リザは苦々しい表情で爆発後、何ともないような表情で立っている鬼神ソフィアを見る。
「本当に強いなあ、ソフィアちゃんの鬼神。訳の分からない技も使ってくるし、あの爆発はなんなの一体……」
そうしてリザが額に浮かんだ汗と、中庭の一撃を食らった時にもらった額の傷からの流血を振り払いながら言葉を零していると、
「あれは鬼神と適合性が高い者だけが使える、『鬼神の一撃』と言うものだ。祖父も使い手だったが、体を構成している血液を爆発させ、硬く広範囲を薙ぎ払うが……あれを使われると本当に、近づけないのだよ」
そんな言葉を発する初老が、自分の横に並び立った。
「……ぐ、グレイブ王?! どうしてここにいるの? さっきまで鬼神が暴走した影響で、中庭で倒れていたはずじゃ……」
「おそらく、ワシの鬼神を誰かが倒してくれたのだろう。ついさっきから体の自由が利くようになったしな」
「誰かって……クロノだよね」
「まあ、そうだろうな。それ以外、こんな短時間で倒せるものなど、いる筈がないだろうし」
「だ、だよね。でも、予想以上に素早くグレイブ王の鬼神を倒せたんだし。それならソフィアちゃんの方も、このままいけば、どうにか出来るのかな」
と、淡い期待を込めつつ言ったのだが、ブラドは腕くみをして、首を横に振った。
「残念ながら、そこまで甘くはないだろうな。ワシの鬼神よりもソフィアの鬼神の方が何倍も強いのだから……」
そんな言葉を吐いた瞬間、ブラドの頭からドロリ、と血を流れてきた。
自分以上に大量の流血だ。
「ちょ、グレイブ王!? 大丈夫!?」
「近場にいる学生たちを庇ったのだが……威力に耐え切れなくてな。少し深めに傷ついたようだ。なあに、これくらいは……しばらくすれば治るさ。しかし……ここからどうする、フィラニコス
「どうするって、胸の核を砕けばいいんでしょ? ……あの羽が硬くて、全く攻撃が通らないんだけどさ」
先ほどからずっと、特進クラスの学生や、教授たちが魔法を鬼神ソフィアにぶち当てているのだが、全く効きもしない。
「後ろから行ったら爆発で吹っ飛ばされるしさ。強すぎない?」
「ワシの娘なのだから当然だ。それにソフィアは、吸血鬼の中でも一二を争う魔力の持ち主だ。それは君もよく知っているだろう?」
「そう……だね。ソフィアちゃんはとっても成績優秀だったから。クロノがいなければ、今年ナンバーワンになったくらいの逸材だものね」
それがこうして全力で暴れているのだから、弱いわけがない、と鬼神ソフィアを観察していると、
「ソトニ……デル……」
先ほどから良く聞く言葉をまた放っていた。
鬼神ソフィアは先程からずっと、このダンジョンから出るためのドアを見据えて動いている。
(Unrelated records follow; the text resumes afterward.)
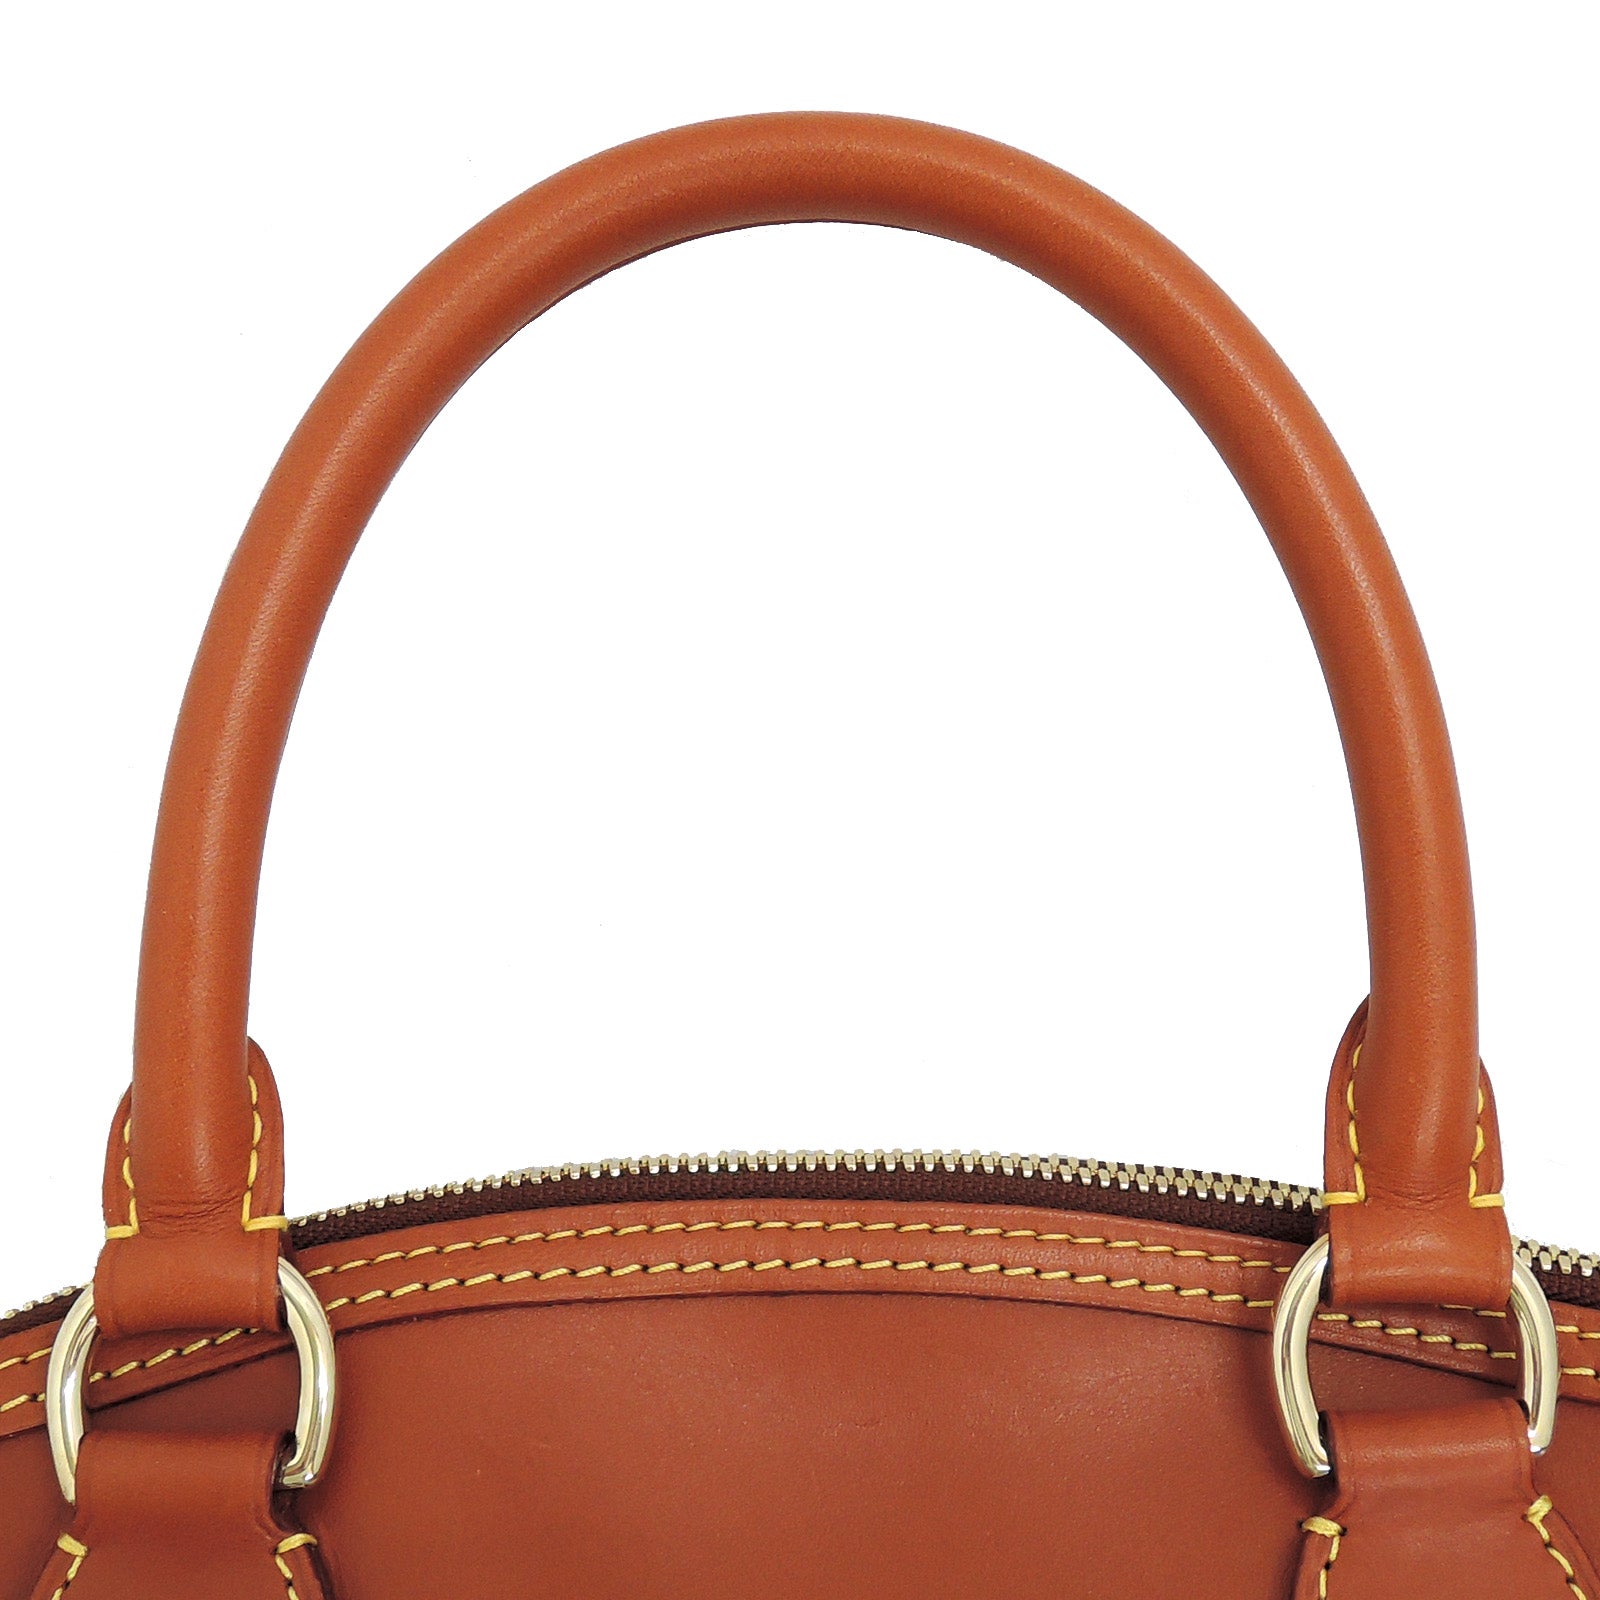 Lockit vertical leather tote Louis Vuitton Brown in Leather - 21640996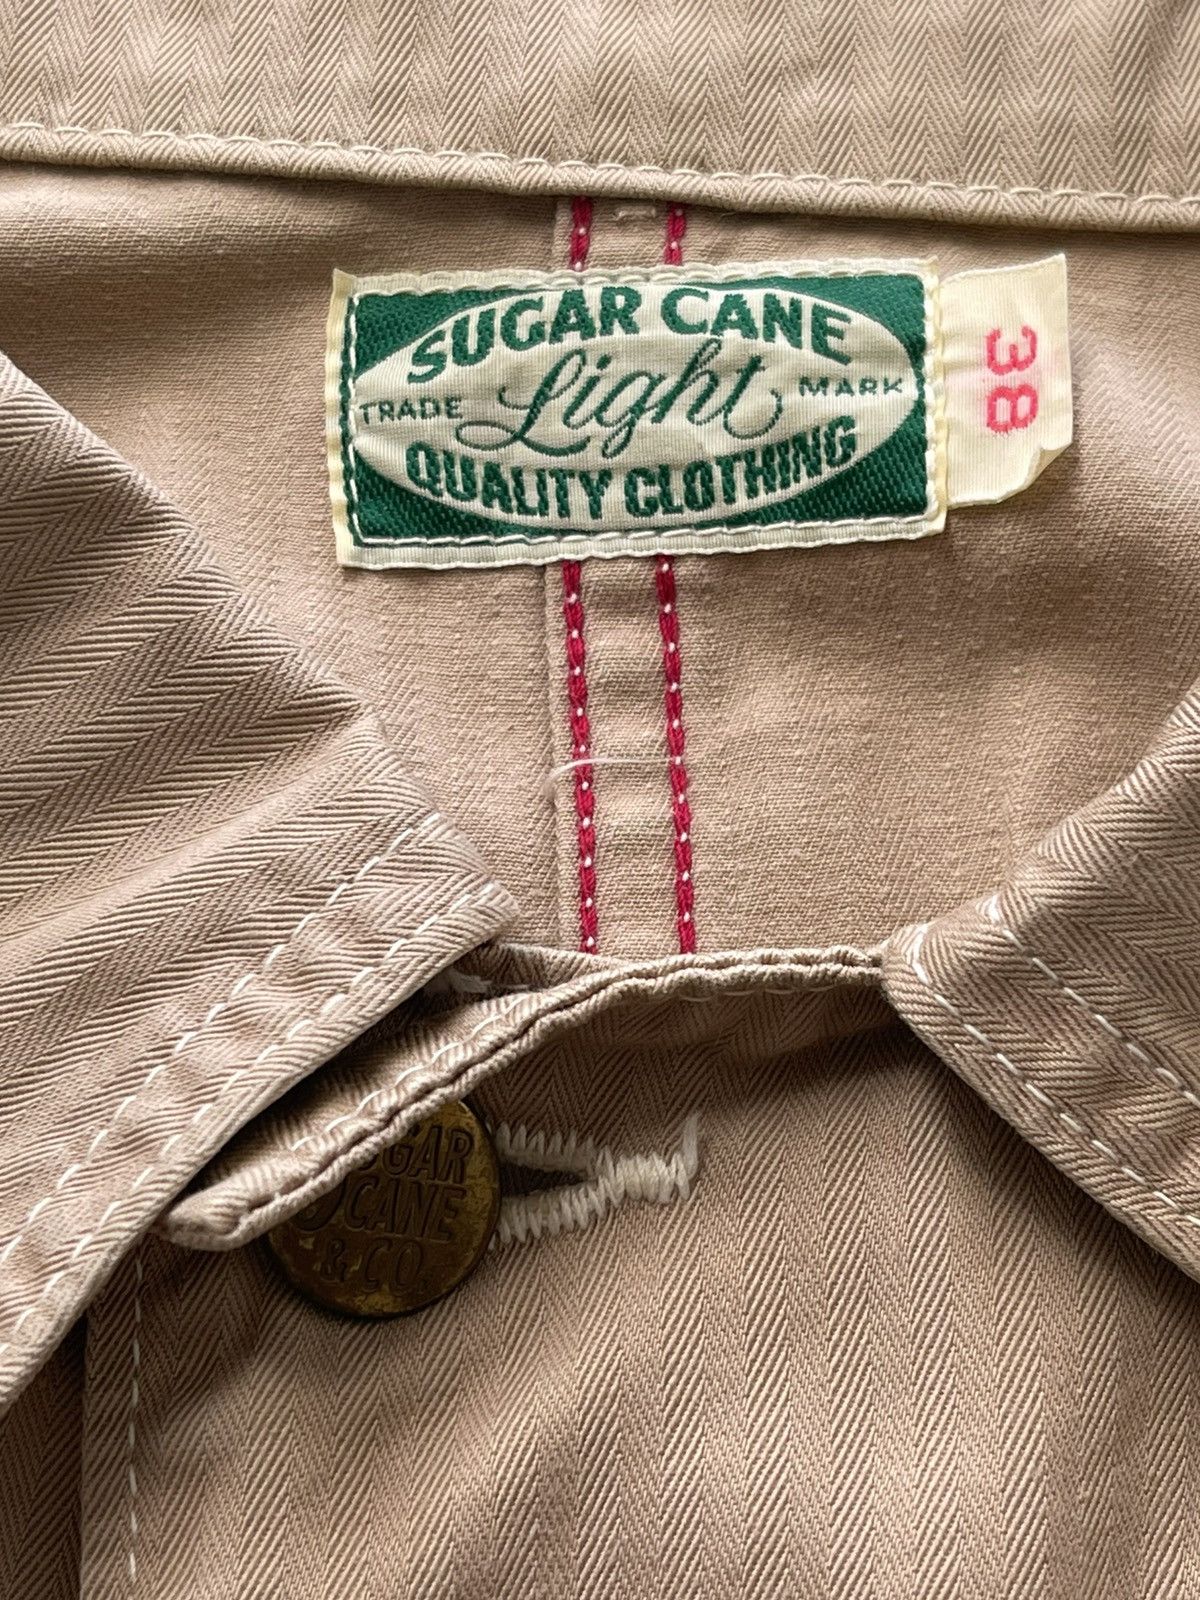 Workers Vintage Sugar Cane Workers Jacket Size US M / EU 48-50 / 2 - 5 Thumbnail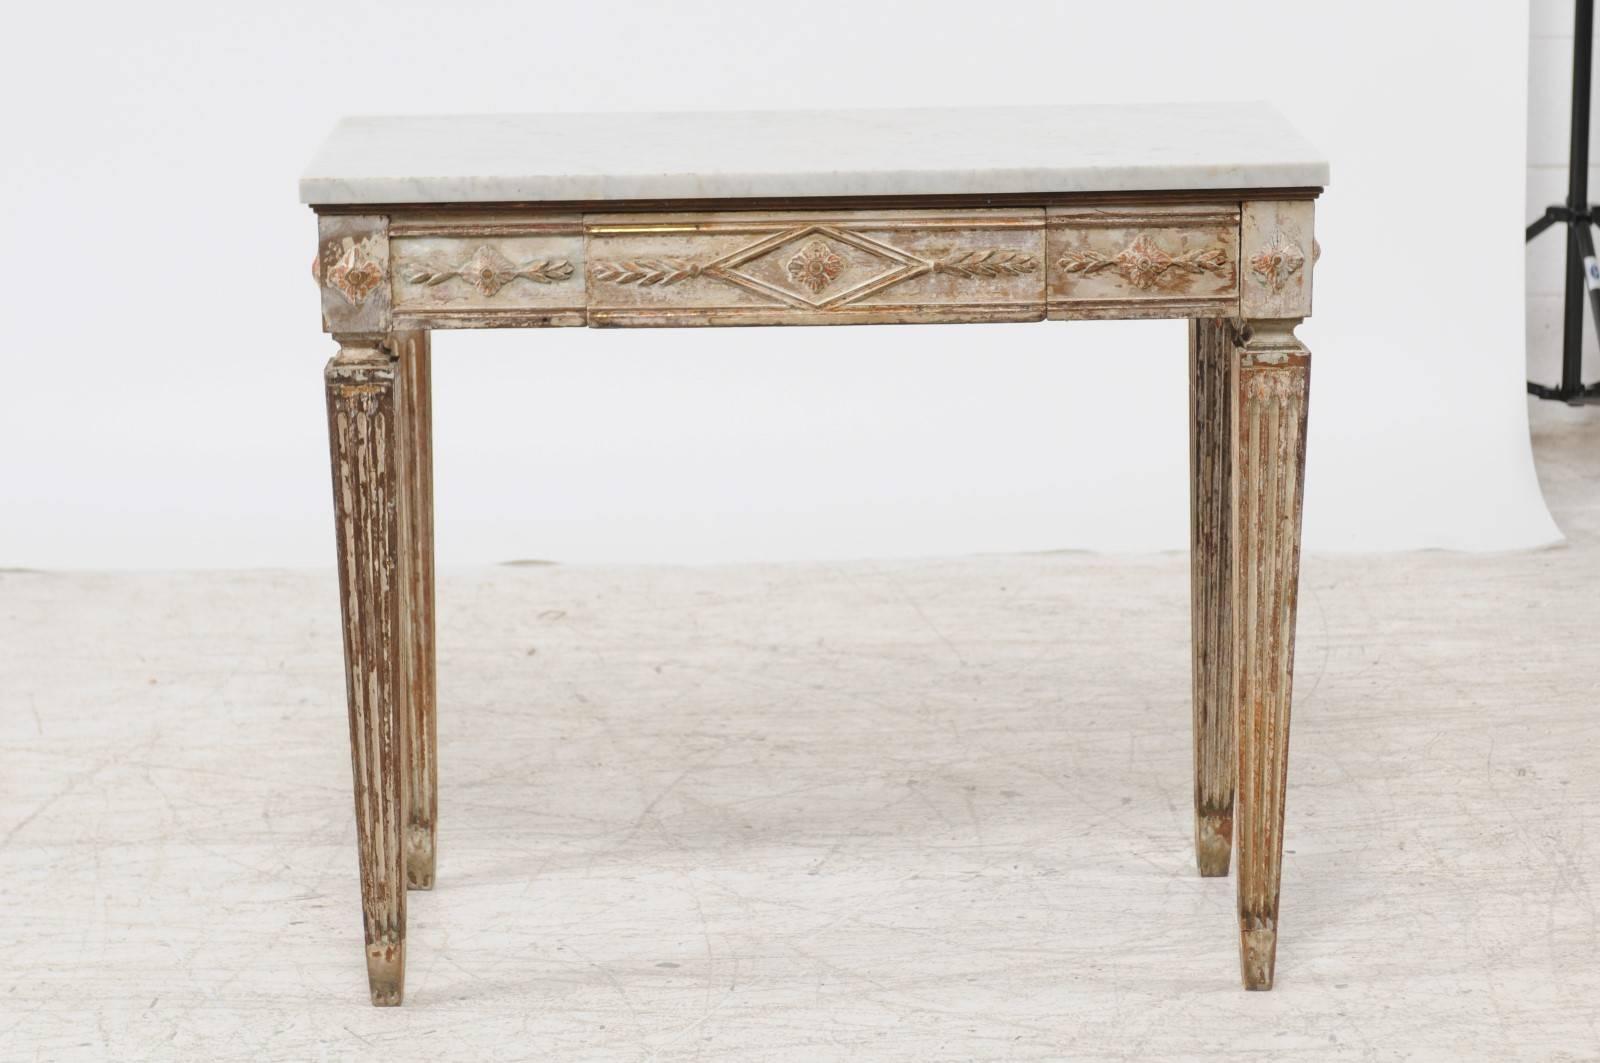 A Swedish Neoclassical style white marble top with single drawer, distressed paint and tapered legs from the second half of the 19th century. This Swedish console table features a white rectangular top sitting above an exquisitely carved base. The

自分たちの攻撃はそのついでのようなものになっていた。
そのお陰で死人が出るほど追い詰められてはいない。まあ、どうであれ危険すぎるから外に出すわけには行かないのだけれども、
「ソフィアちゃんの鬼神、やけに外に執着しているけど、あれはどういうことなの?」
「鬼神は元の吸血鬼が持っていた意思と記憶に影響を受けて本能的に動く。……つまり、ソフィアは外の世界に憧れていたのだろうな。……ワシは少し過保護にしていたからな!」
と、ブラドが自嘲的に苦笑して答えた瞬間、
「ソトニ……ワタシは、ソトニデル……!!!」
鬼神ソフィアが再び赤く輝いた。そしてそのまま、ダンジョンの出入り口をめがけて突撃をしてきた。
「ま、不味い! 皆、シールドを!!」
「応!!」
学生と教授たち、そしてリザが混じった防御部隊が一斉にシールドを張った。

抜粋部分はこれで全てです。